I left the shoot with Betzi and the herders with my head hung low. My parents had joined me, and we spent the bumpy drive home in reflection — what could we do for these herders, whose experience is so similar to our own family’s? We brainstormed collection drives for medical supplies, a Christmastime get-together, collaboration with cultural groups, but the larger truth loomed.

We live in a country built up from a collection of immigrant experiences, each swirling and mixing within the great American experiment. This is a country where the trauma of one immigrant’s arrival to America paves the way for the next generation’s improvement, a country where that trauma is glossed over for the next generation’s ease.
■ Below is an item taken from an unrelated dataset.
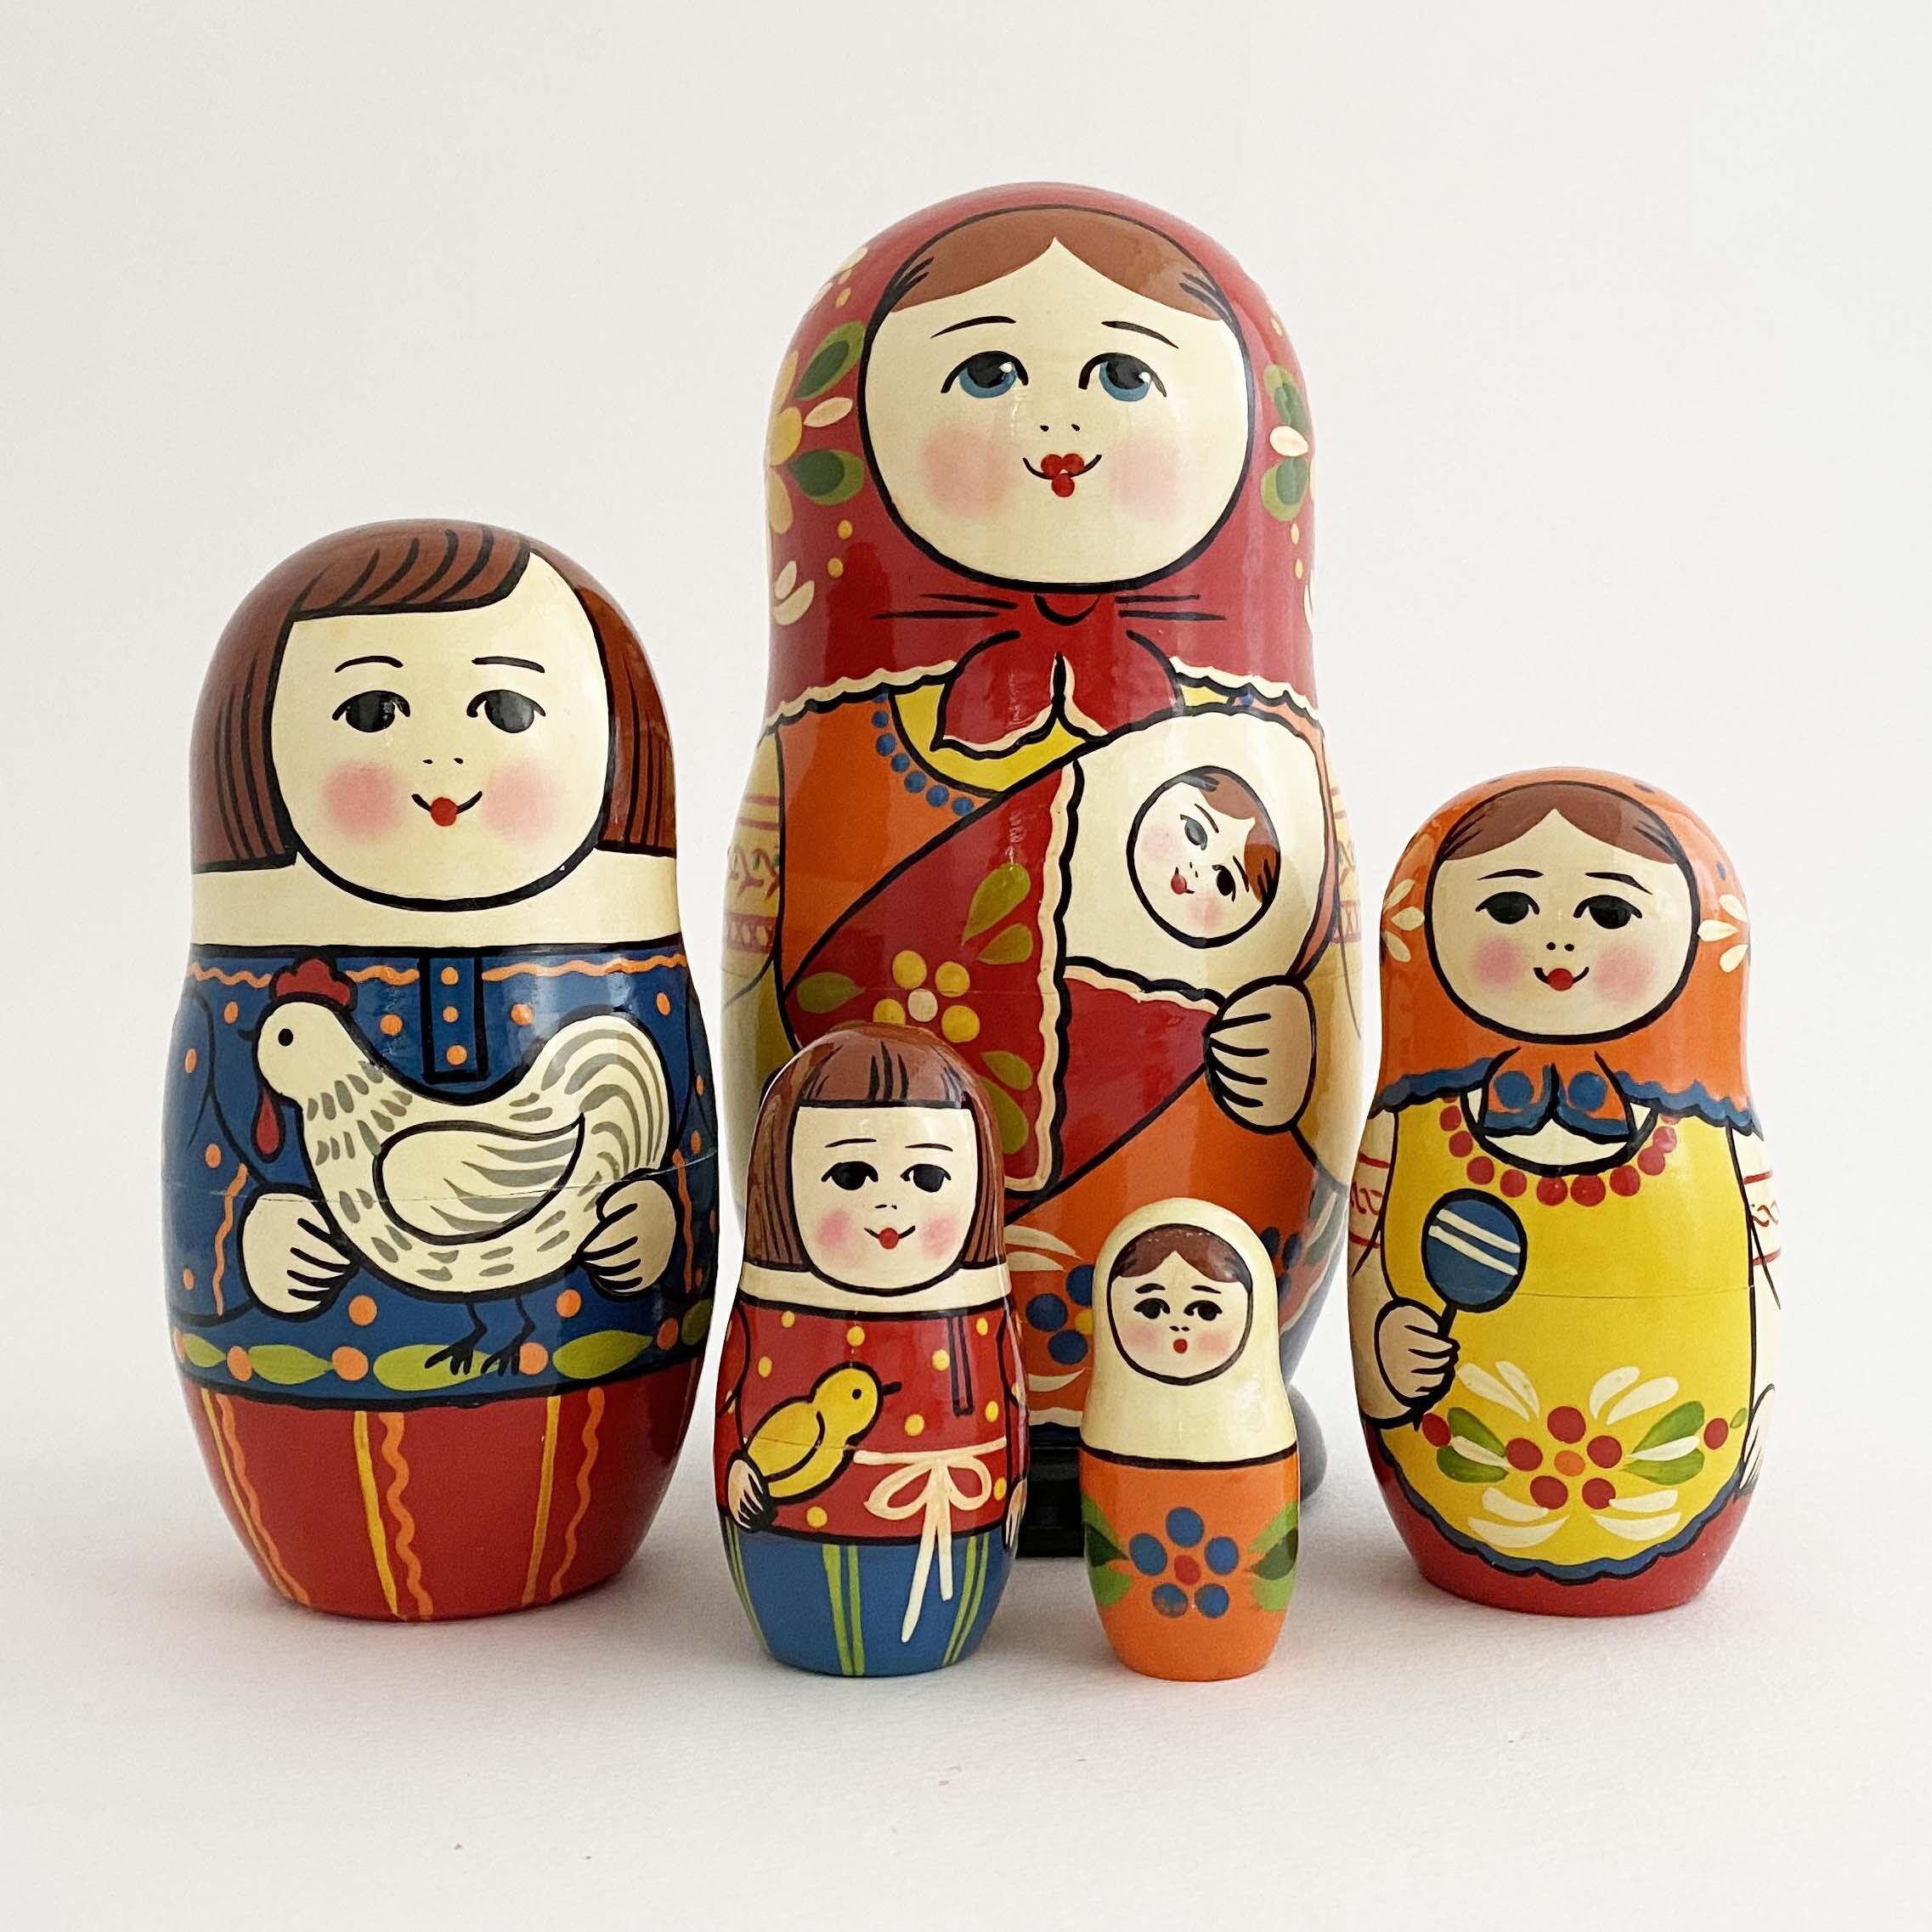 母の日のお母さんマトリョーシカ/5個組大A(セルギエフ産)
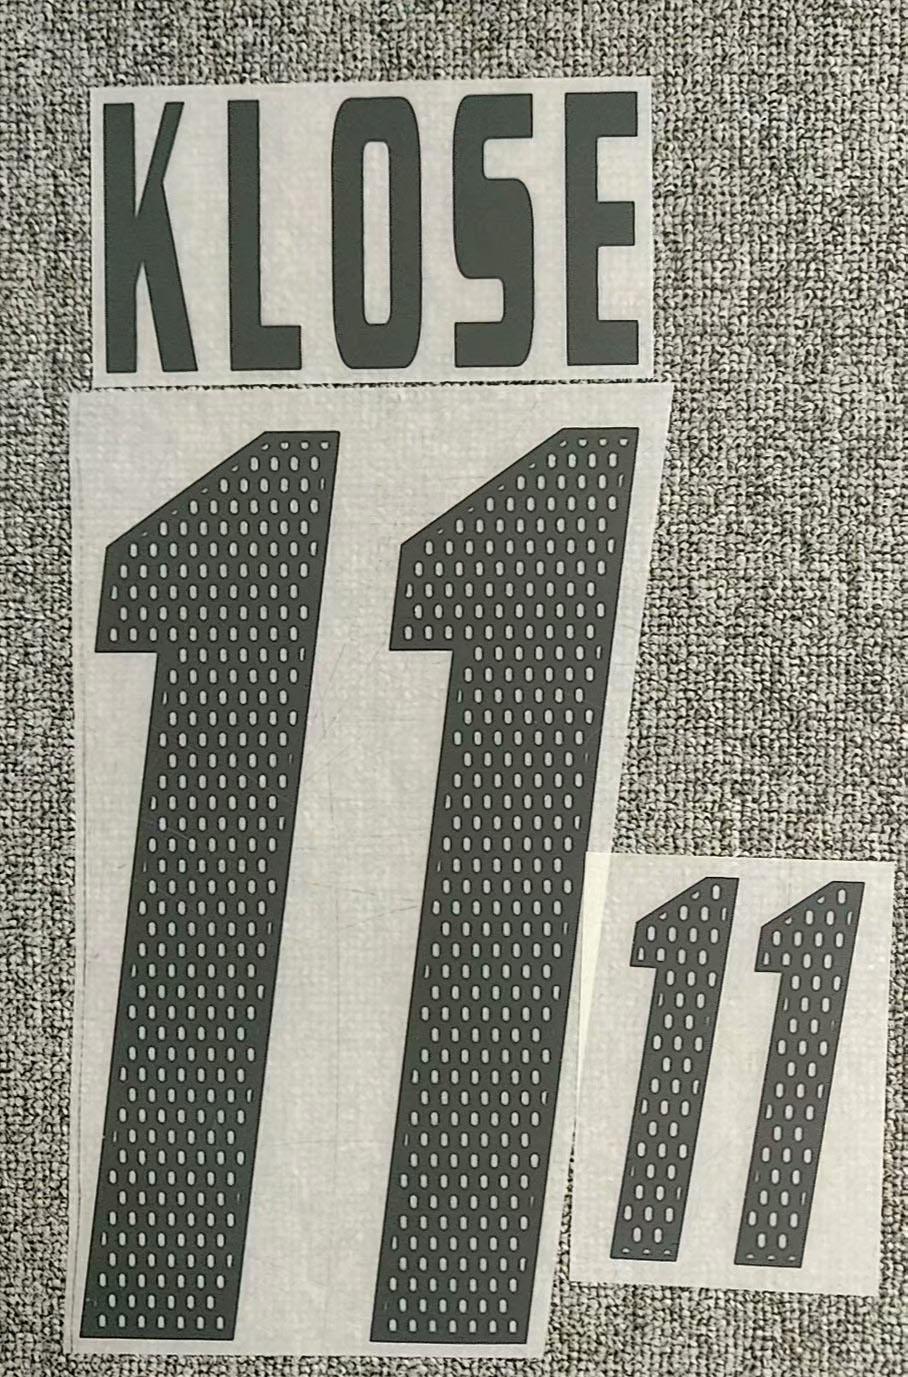 Retro 2002 #11 Klose Nameset Impresión de insignia de transferencia de hierro

So we forget what came before us. We ignore what’s happening around us. We forget to look back, reach back, support and love the immigrants among us.

I’m so proud of my family’s history and efforts to make it in America, but seeing that history reflected in the present day made me recommit to that call from Christ to welcome the refugee (Matthew 25:35-36). If you are an American, I guarantee your own family’s experience is reflected out there somewhere — the isolation, the backbreaking labor, the hope that it’s all worth it. So go and find it, embrace it, support it. Your past is their present. Let them have a similar future.

This author explored his ancestors' past and learned something fascinating about immigrant labor. Here the author stands with the Peruvian sheepherders he met in Idaho.